2017年後半

平成29年8月
Absent in the Spring (Mery Westmacott)☀☀☀

 推理小説の女王と言われるアガサ・クリスティが別名で書いた、殺人事件のおこらない小説。初老の弁護士の妻である主人公Joanは、バグダッドに住む娘夫婦を病気見舞いのため訪問後、英国へ戻る途中、天候のため汽車が不通となり、数日途中駅の宿泊所に足止め状態となる。その間、誰ひとり知った人がいないまま一人だけの時間を長く持つことになる。そのために、彼女は自分自身の過去の出来事やその出来後に関わる3人の子ども、夫Rodneyとの会話を思い出して、それまで気が付かない、または気が付かないふりをしていた事柄を強く意識し始める。問題がないと考えていた家族との関係は一体どうだったのか。Joanが答えを得たことによって、それは変わるのか。物語は、Joanが帰宅したあとまで、サスペンス仕立てで一気に読ませる。さすがアガサ・クリスティという気がする。結局、殺人は、人間的な葛藤やエゴが引き起こすわけで、殺人にいたるしかなかった人間関係を読者に説得力ある形で示し得た彼女なら、殺人なしの人間ドラマを書けるのも当然。ほとんどの幸せでない人の人生も殺人などおこらずに終わるのだから。自己愛、自己欺瞞、自己中―自己をつけると、全てが問題があるようにされる。でも、本当にそうなのだろうか。私達はみな程度の差こそあれ、Joanなのだ。彼女が他者のためになす行為にはいつも自己愛が背後にあったとしても、その行為をそのまま享受してきた夫も子どもも完全な被害者ではないはず。結局は、Joanを極めて冷静に評価している3人の子どももRodneyも、十分自己中であり、自己愛に満ちているのでは。何よりも、Rodneyにその思いを強く持った。JoanにもRodneyの立場にも同じ程度に理解できるものがあって、中立のような立場だった私を、最後の最後、Rodneyの心の中でJoanに向けた言葉が突如変えた。Rodney、あなたは優しい人間なんかではない。狡い人間だ。そう思った。自分にとってたった一人とJoanが抱きしめるRodneyが、心では自分にその言葉を向けていると知っていたら。それはとても残酷な裏切り。もしこの作品が殺人事件を一つ持つなら、ここなのだ。そして、殺意を持つ側はRodneyの心の声を何らの理由で聴くことができたJoanになるはず。だから、Rodneyは、この声を永遠に聞かせないつもり。Joanのため?いやRodneyのため。彼の勝手な復讐。自らが選んだ人生を自分勝手にJoanのせいとしたゆえの復讐。そう思えた私も、どこかJoanと自分が似ているがゆえに、そう感じたのかも。そう思うこともまた怖いことなのだけれど。私には、Joanの方がRodneyよりはるかに人間としてまともに感じられる。”From you have I have been absent in Spring.”(p.99) 多くの人間は、“you” が誰かさえ本当には知らないで、勘違いをしたまま、生きるのかも。“you” と自分に呼びかける人を、自分もまた、“you” と想える、そう自分の人生を思える私は、JoanでもRodneyでもないはず。同時に、普通の人間だから、二人のどこかを自分にも持っているはず。それであれば、どこに?この小説はまさに一級のサスペンス。

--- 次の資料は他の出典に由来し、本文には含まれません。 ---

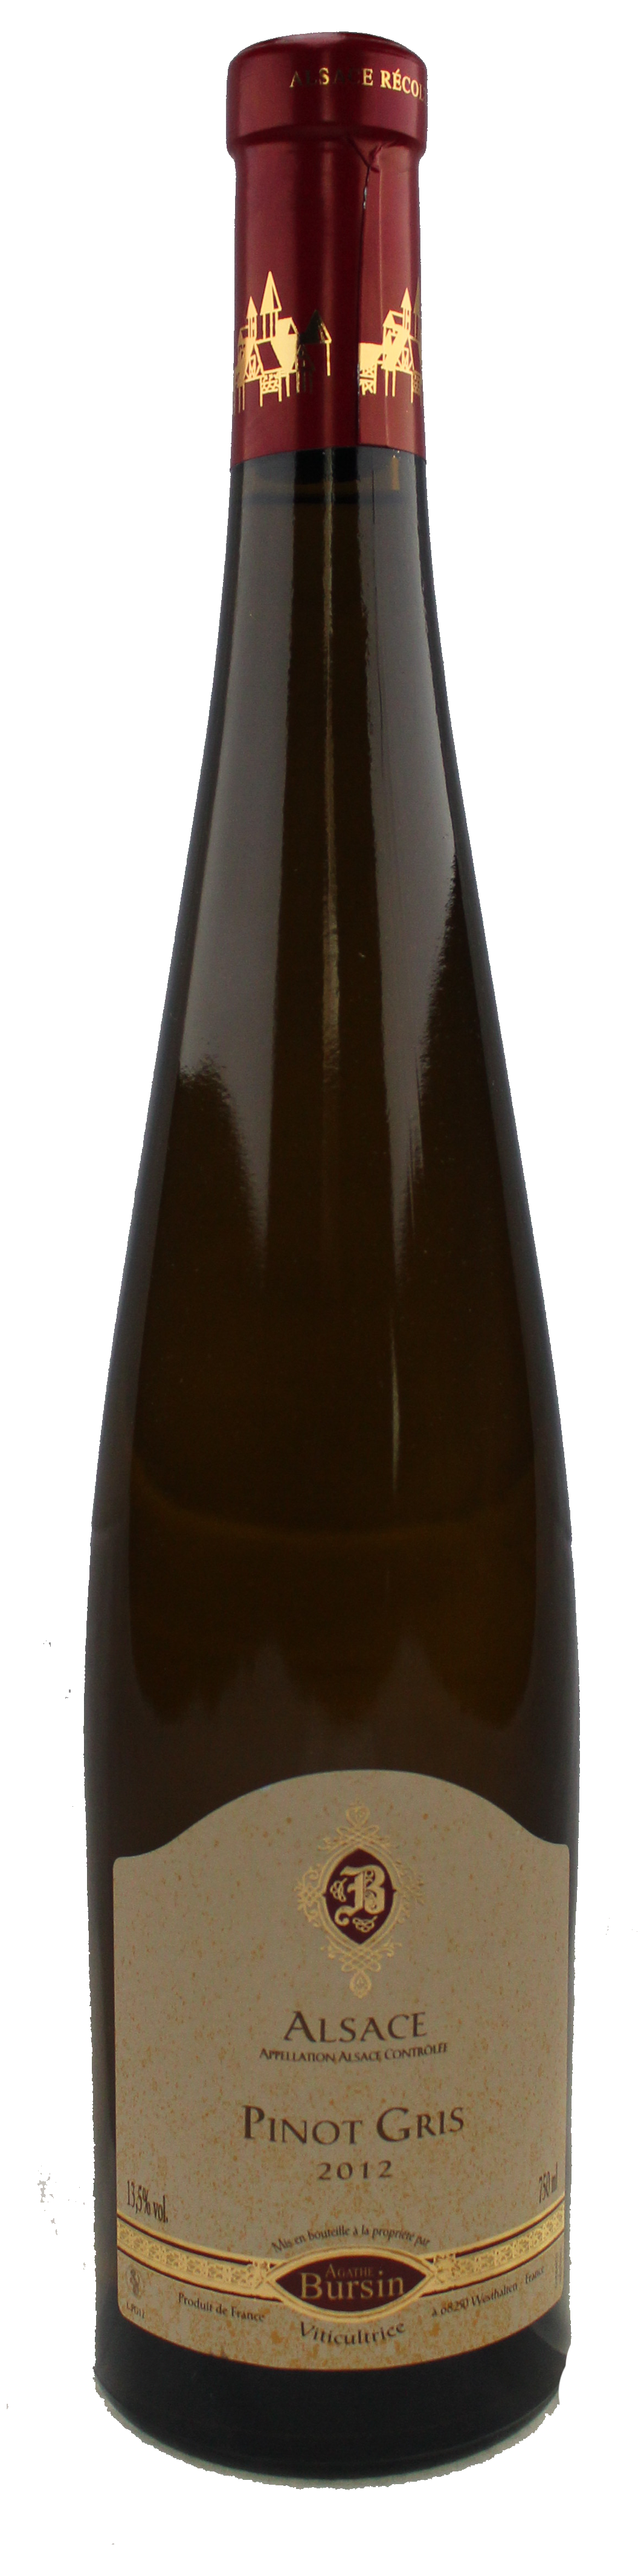 Bottle shot of 2014 Pinot Gris Dirstelberg

“I've not been so emotionally moved by a story since the memorable Brief Encounter...Absent in the Spring is a tour de force which should be recognized as a classic/” (New York Times)

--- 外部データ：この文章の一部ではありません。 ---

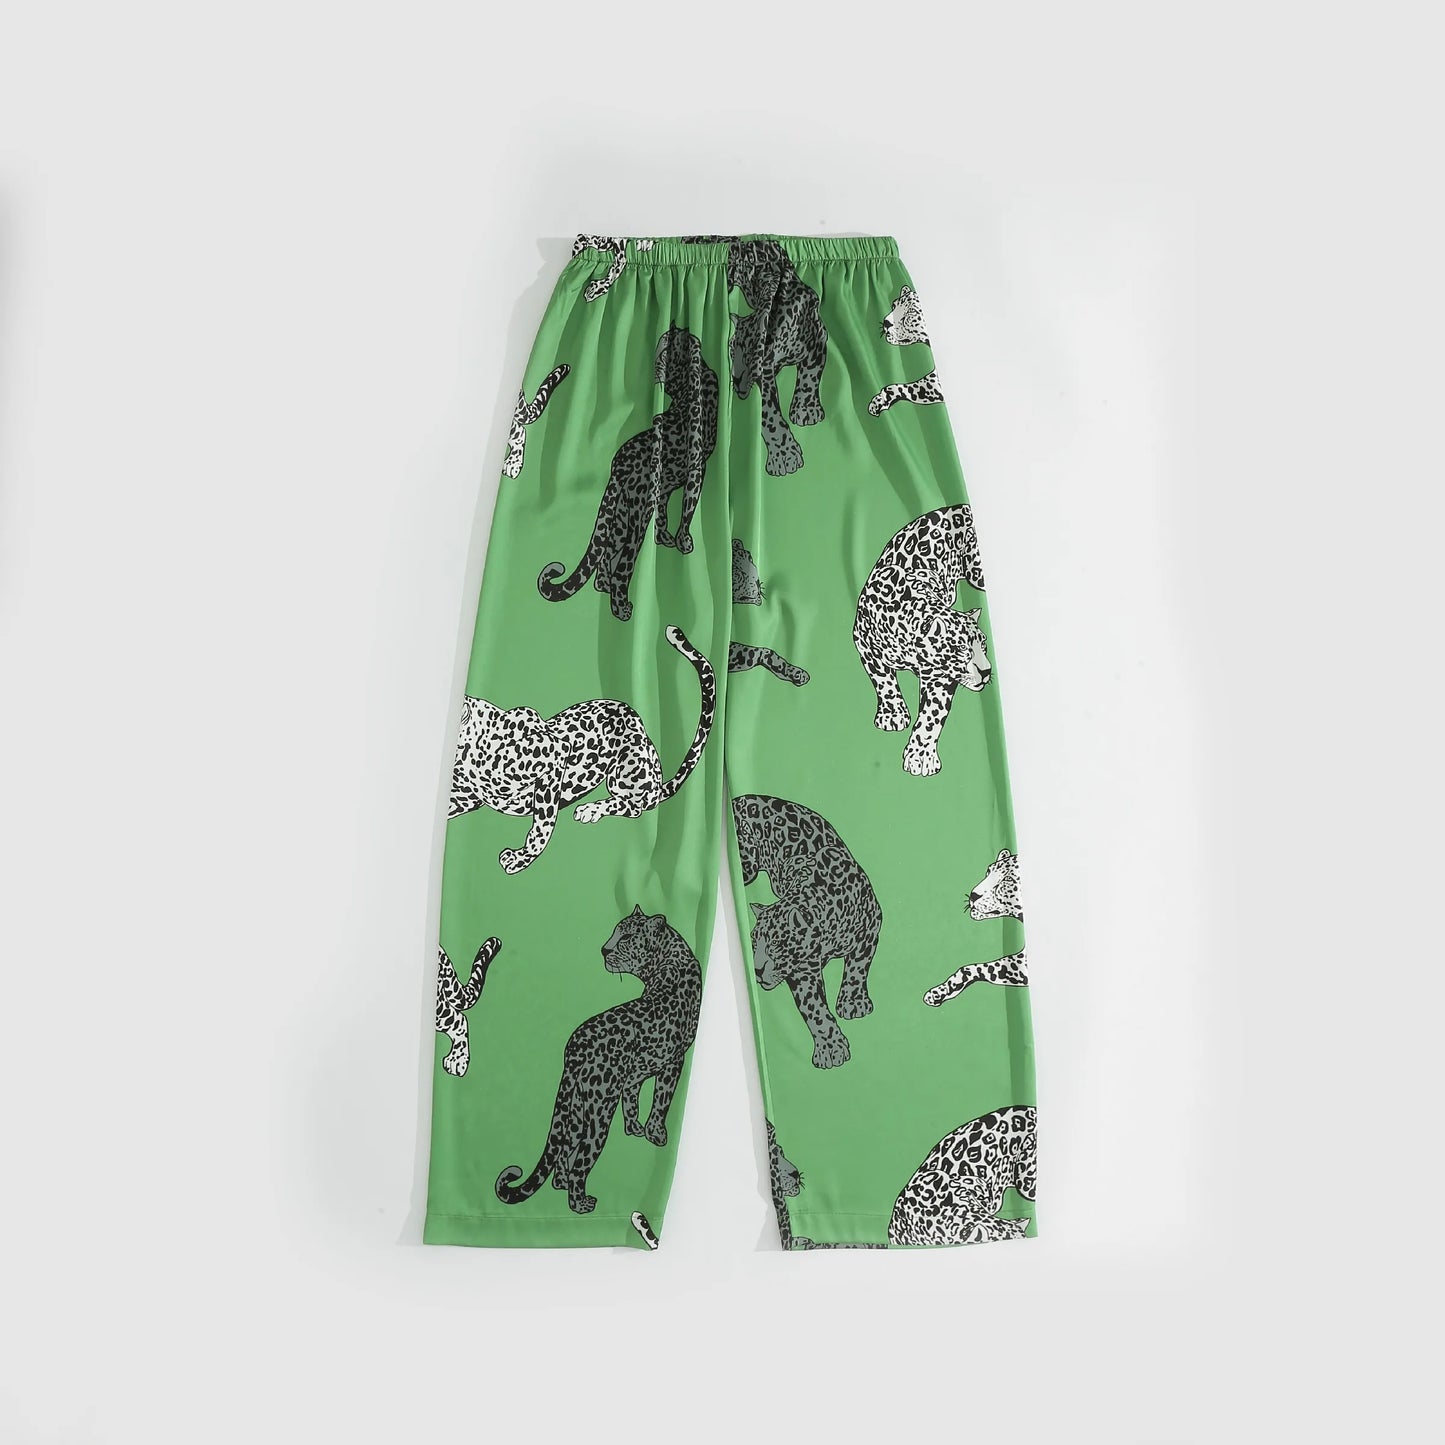 Green Leopard Printed Women Sleepwear Silk

身体の苦痛はどこまで私の在るべきと信じてきた精神を侵すのでしょうか。私はどこまで強いのでしょうか。この数ヶ月は毎日問いかけるようになりました。人間としてあるべきと信じてきた精神の高みを失わないだけの強さを持って、自分は少なくとも他者へ向ける微笑みを持って生きることができますように。祈りに近い日々が続きます。人生もサスペンスですね。どんなに強い祈りでも、叶うのかわからないのですから。でも、どんな結末のサスペンスになっても、自分は優しい登場人物で必ず終わりたいのです。

 

平成29年8月
Empathy (Sarah Schulman)☀


ニューヨーク、ロウア―・イーストサイドの住人で、街角でビジネスカードを配って、心の問題を抱える人々の診療を一時間10ドルで提供する、大学院で学んではいるが、無免許の精神科医Docと、そうしたDocの診療を求めてきたレスビアンのAnnaを中心に物語はすすむ。自分のアイデンティティの確認には他者が必要であり、家族、友人、恋人、そうした人々との関係で、完全なる確信を持てていない二人が、お互いとの関係を通して、過去、現在の自分について考えていく。当時のアメリカ社会への批判が随時入り込む―AIDS, 薬物、ホームレス、そして、セクシュアリティ。1992年にアメリカの著名なレスビアン作家のひとりによって書かれたパイオニア的作品と聞いて読み始めた。自分のアイデンティティと欲望、他者との関わり、精神、社会の在り方がいっぱい小説に盛り込まれているのは分かるけれど、なるほどこれを言いたいのか、こう説明するのよね、と思うことは度々あっても―例えば、 “Except to myself, I mean, how many times can a person be told in a multitude of ways that she will never be fully human because she is not a man? The logical conclusion is to become a man to herself, simply to retain the most basic self-respect.”(p.165) “Since I was a child, he said, ‘there have been two epithets that I have truly feared. I feared being told ‘You want to be man,’ and I feared being told ‘You hate men.’ (p.165),” 登場人物の誰にも感情移入はできず、私は小説を読んでいると最後まではっきりと意識したままで終えた読書だったので、この本を読むことを楽しんだとはいえないよね。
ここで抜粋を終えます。